There are no built-in security features in TIFF; users can only be allowed or disallowed access. PDF has sophisticated security options. These include password protection, permissions and restricted use (view, search, print, cut/copy/paste restrictions), watermarking, and encryption.
File Size/Upload and Download Speed?
Before we take a look at file size which impacts storage requirements and upload/download speeds, let’s examine the four things that effect file size.
- Scanning Resolution
A 300 dpi scan is much smaller than a 600 dpi scan. - Color Space
Color and grayscale scans are much larger than black and white scans. - Physical Dimensions
An 8 ½ by 11 page is much smaller than an 11 x 14, all other things being equal. - Compression
Raw scans can be compressed for a much smaller size and compression technologies compress different types scanned of documents differently.
Both TIFF and PDF offer compression technology. Scan your typical documents with a variety of file compression formats to determine the acceptable file size and upload/download speed for your environment.
Color Space: Color, Grayscale, or Black and White?
As mentioned previously, TIFF- G4 compression files are often used for black and white or bitonal scans.
TIFF-LZW is often used for bitonal or color images and is most effective for solid color graphics and less effective for 24-bit photos. PDF files also offer different compression technologies which present options for color space.

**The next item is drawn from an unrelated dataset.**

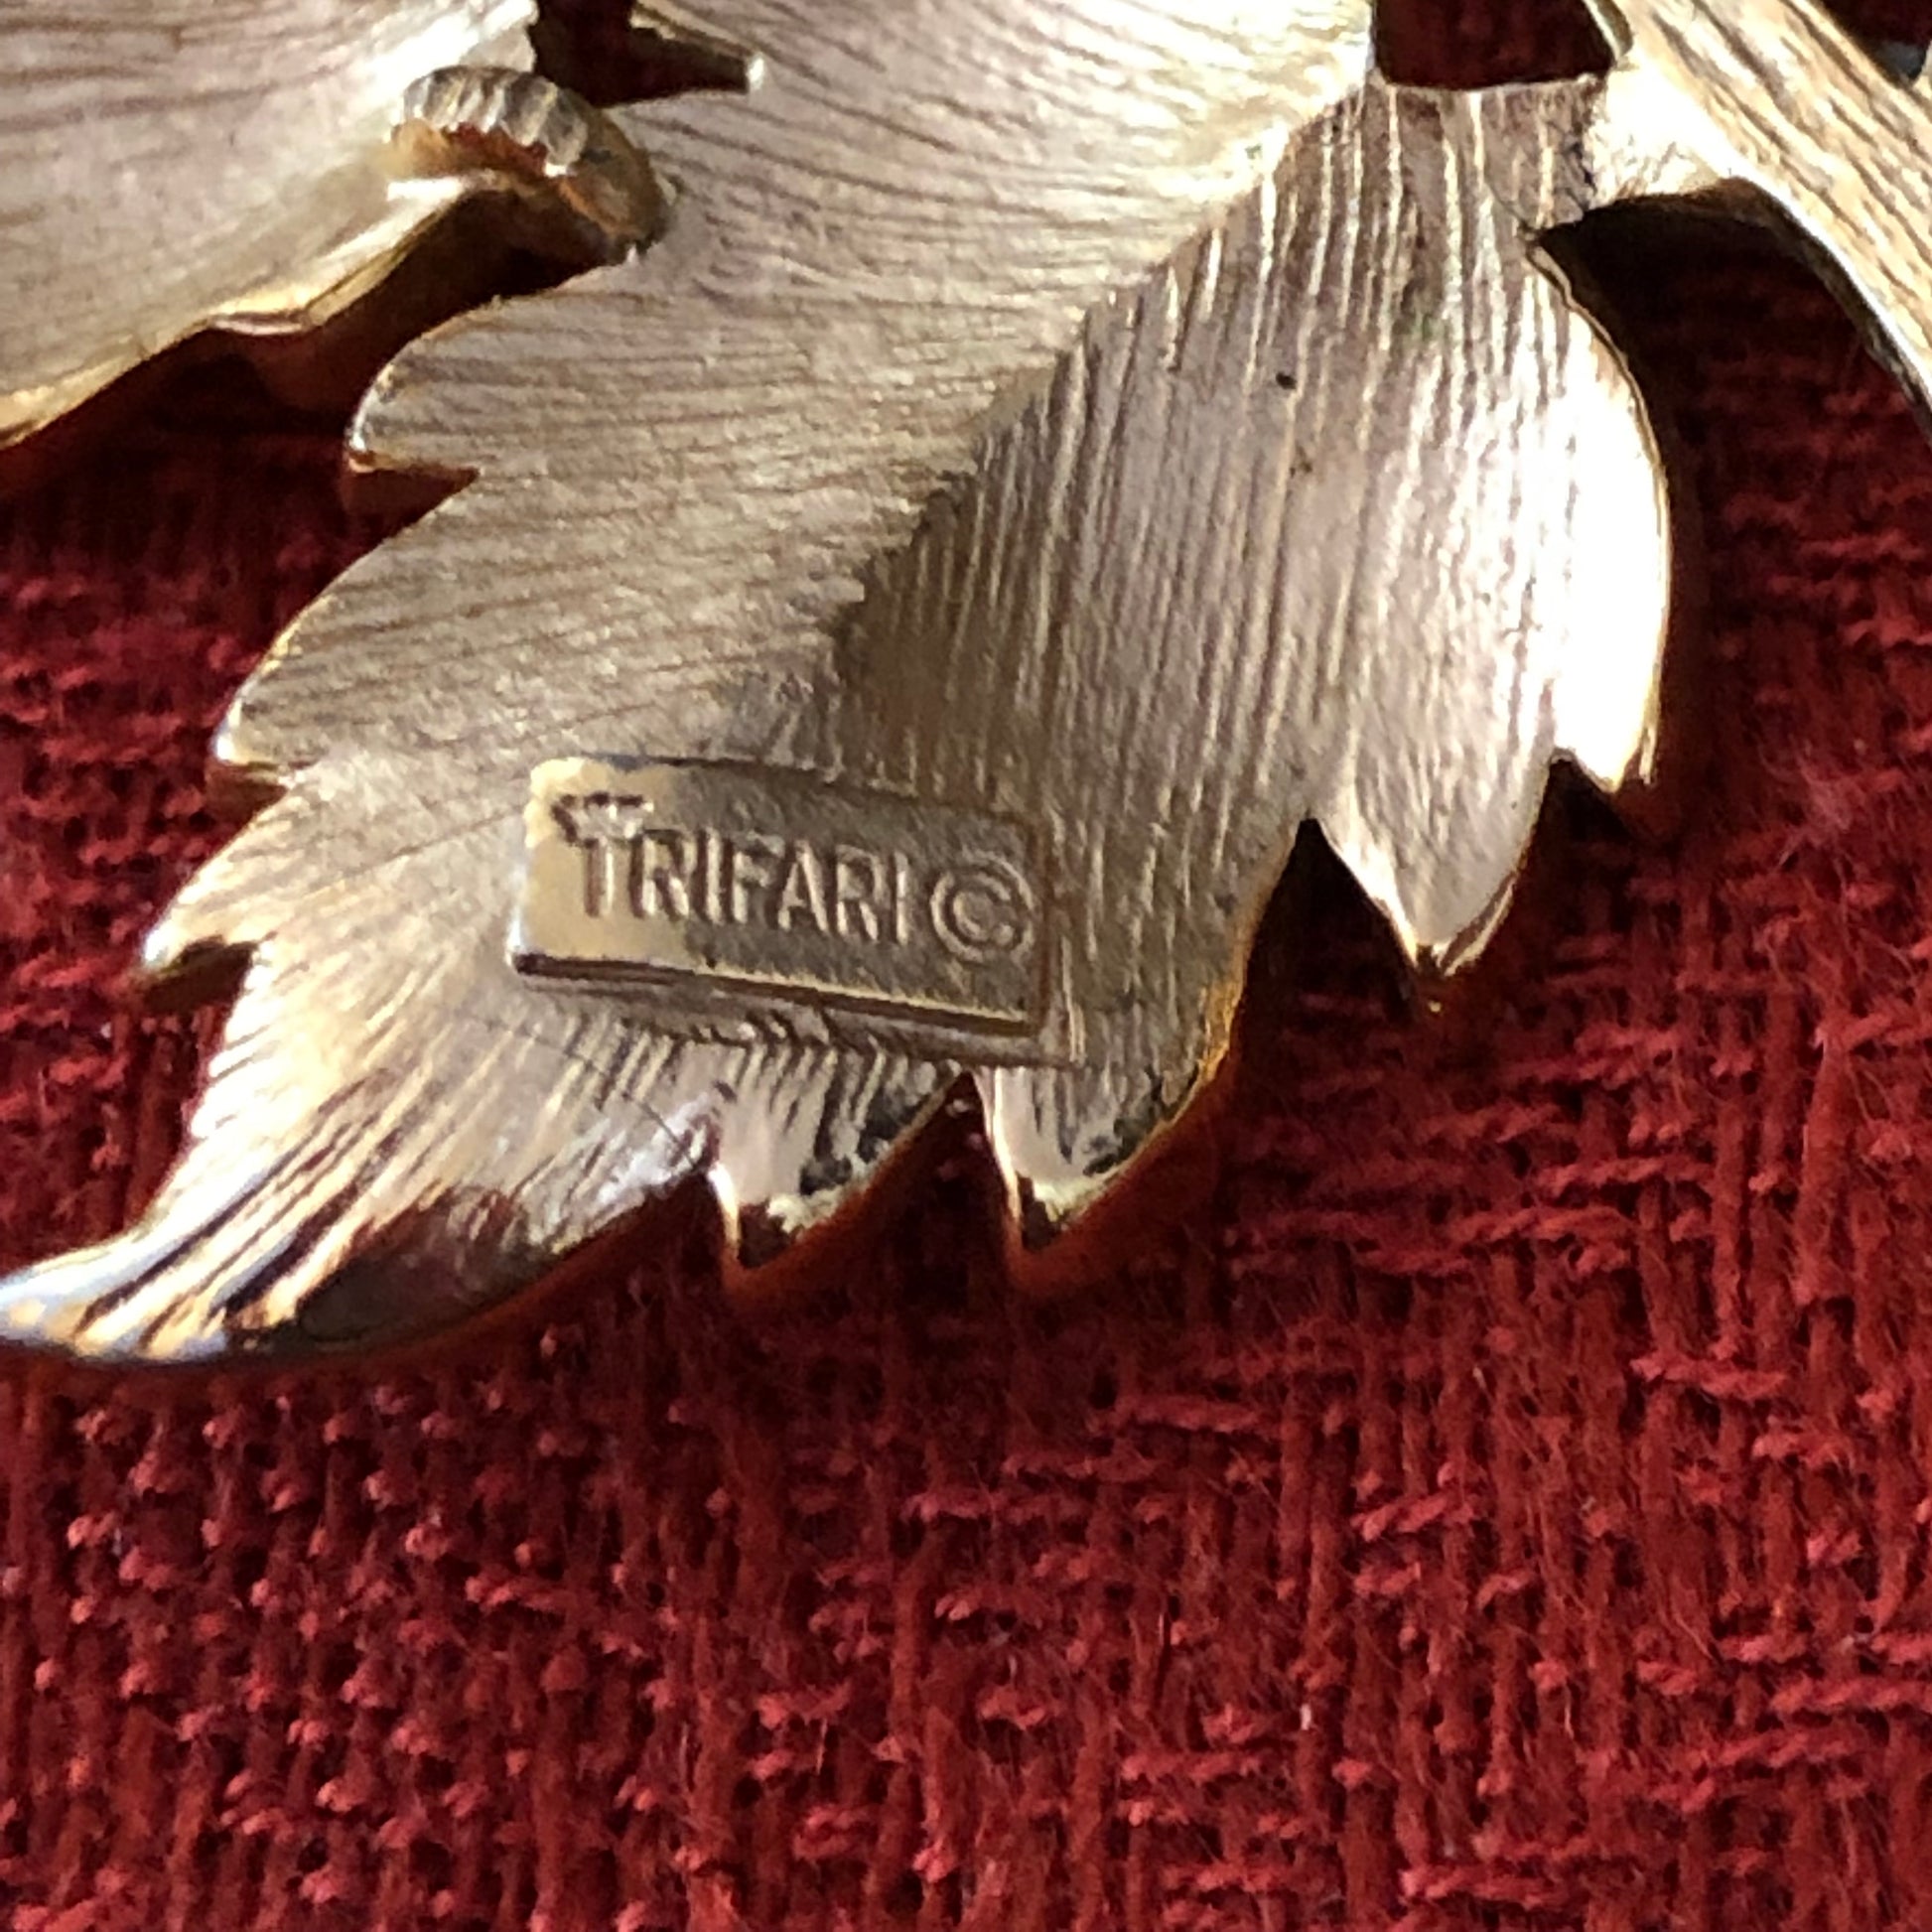 Trifari Vintage Ivy Leaf Brooch - Gold-Tone Metal Pin, Brooches
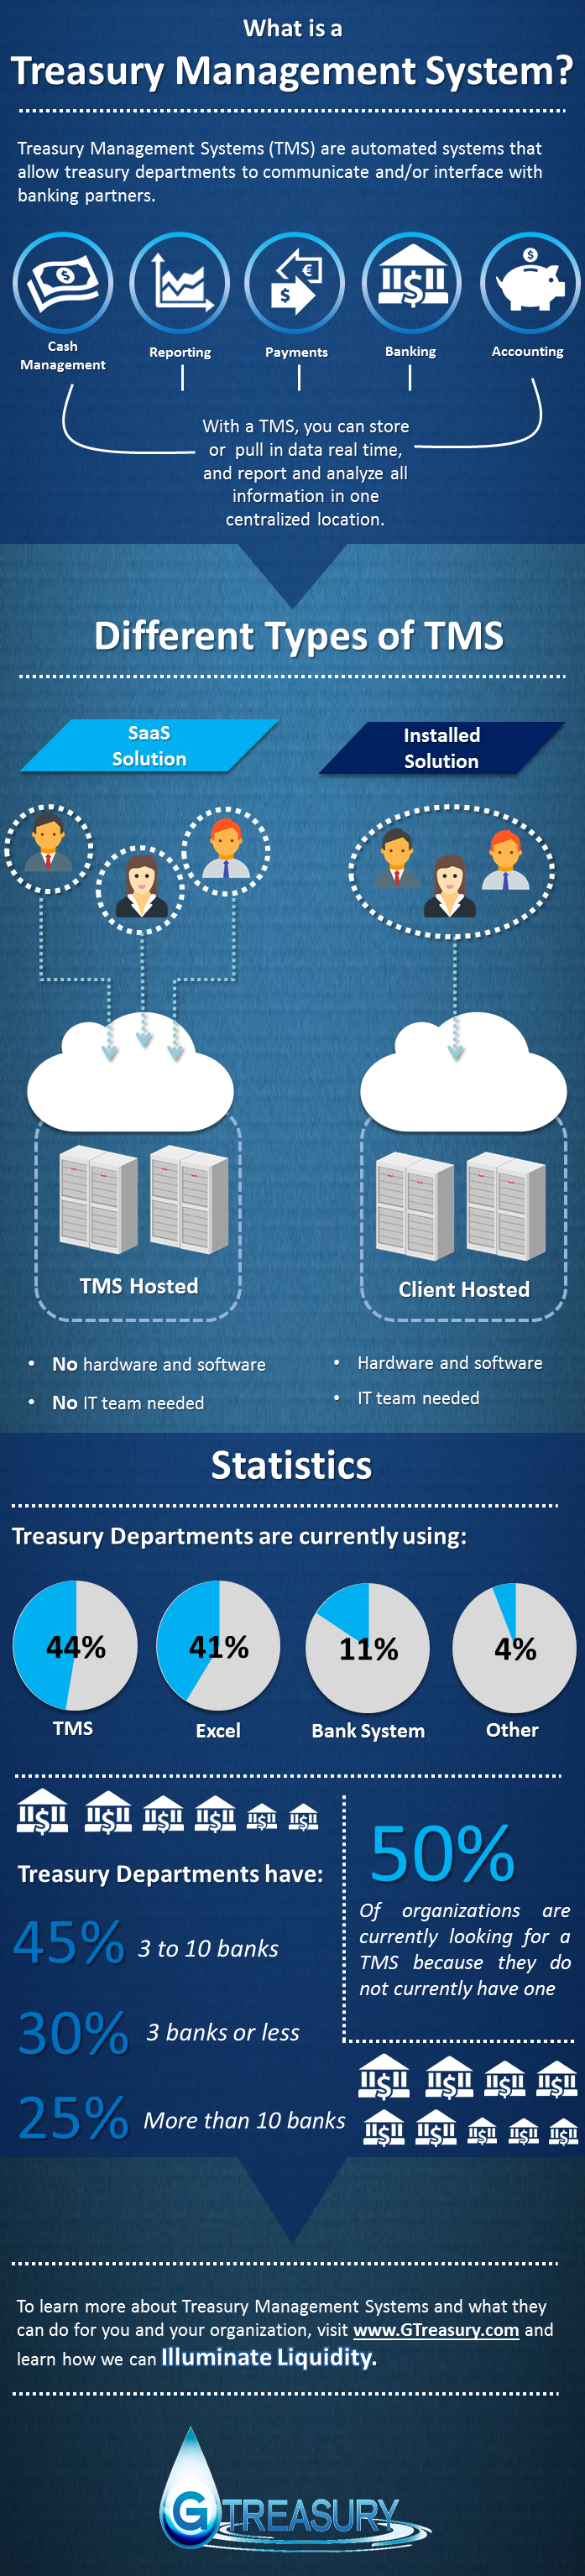 The Basics of Treasury Management Systems - Image 1

As both TIFF and PDF support color, grayscale, and black and white, here again, scan your typical documents with a variety of formats to determine the acceptable output. Caution, scanning a black and white text document with a color setting, needlessly creates a large file.
Legal Admissibility?
Varies by country. Generally both file types can be admissible as long as the appropriate processes are followed for the rules of evidence for the specific jurisdiction
Conversion?
Both TIFF and PDF files can be converted with readily available tools. This may be important if your scanned files are to be used as “master files. For example, you may need to scan for both archival and web viewing. Because of file size, you may need to copy and convert a large archival file for easy web viewing. Hence the “master file” may need to be converted to another file type later.
Should I Use PDF or TIFF for my Document Scanning?
After review of your requirements and an understanding to the capabilities of each file type, the answer to what file type you should be using is often, both. You may decide to keep your “office” documents in PDF format and other documents such as floor plans, installation manuals and others with heavy graphics in TIFF. It’s up to you!